S H A F A G H is the Persian word for twilight. To photographer Klaartje Lambrechts, it’s a clear metaphor for Iranian society, and a beautiful title for her exhibition on dance and movement in Iran.
For the creation of Shafagh, Klaartje Lambrechts traveled to Iran three times between 2015 and 2019. She discovered a country with harsh laws yet unlimited possibilities. Many of these possibilities are created in a gray zone, lacking clear boundaries. A twilight zone between what is allowed and what is possible, between what catches the eye and what remains hidden. Anything that refers to dance is extremely sensitive to the Islamic Iranian regime. Most forms of dancing are simply forbidden in public. Still, Klaartje met Iranians who are passionate about dance and movement. People who dance as a way to express themselves, some even professionally. Their activities take place largely indoors under the radar. Others seek to explore what the regime finds acceptable.
In 2015 Klaartje travelled to Iran for the first time. In the capital, Tehran, she portrayed people who had turned dance and movement into passion. Black and white images straight from the dance floor alternate with seemingly classical portraits. The women stand still, dressed in accordance to the requirements of the regime. Their stories are unspoken, but visible through subtle details. In the dancers’ motion, the photographer hears an echo of Pina Bausch’s legendary statement:
‘Dance, dance, otherwise we are lost’
In the fall of 2019, Klaartje was accompanied by two dancers from Teheran to the desert areas of Dasht-e Lut and Bushehr, in southern Iran. Escaping the stifling bustle of Tehran, the photographer sought the desolate emptiness of the awesome desert landscape where she made a conceptual series amongst sand dunes, rocks and salt flats. The bodies of the dancers disappear in the fabrics that mold them. They explore, struggle and stretch their space. Captured by the camera, their contours become sculptures in the vast desert landscape, solidified movement in which the dynamics and the tension are still contained. The series portrays a wonderful image of dance and movement in Iran, and a beautiful metaphor for contemporary Iranian society, in which the same kind of tension is constantly tangible. The fabrics limit the dancers. At the same time, they offer protection to the outside observer.

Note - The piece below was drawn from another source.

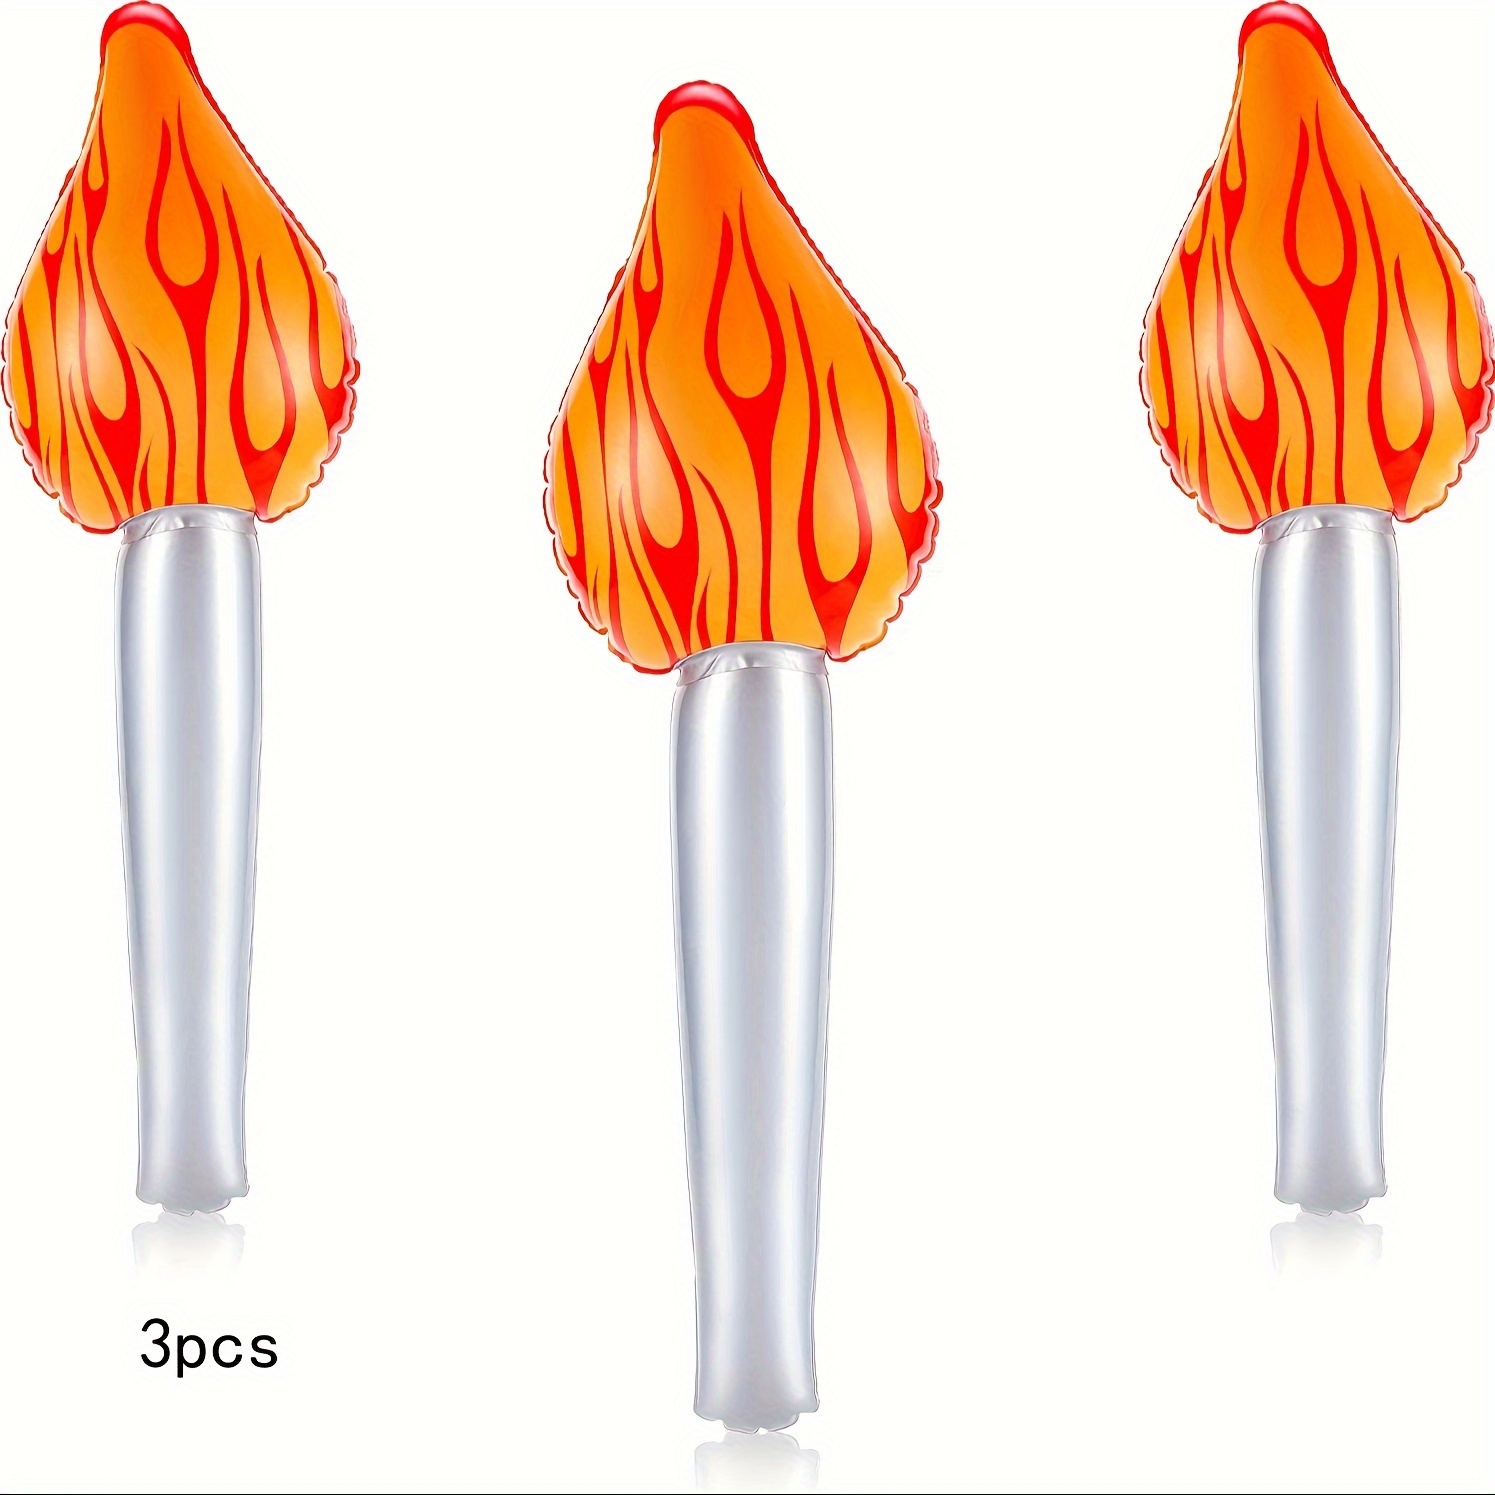 

3-piece Inflatable Torch Balloons - Fun Flashing Light-up Decor For Sports Events, Hawaiian Theme Parties & Festive Celebrations

Photographer Klaartje Lambrechts (1976) lives and works in Antwerp. She has shown her work at the Watou Arts Festival and at various exhibitions in Belgium, Paris, Milan and London. She works as a freelance photographer for magazines such as Weekend Knack, De Standaard Magazine, De Morgen Magazine, Le Vif, Marie Claire and Feeling. She won the Weekend Knack Award in 2011 and in 2012 she was selected for the Sony world award ‘Art & culture’. In 2016, The Guardian wrote an article about her oeuvre.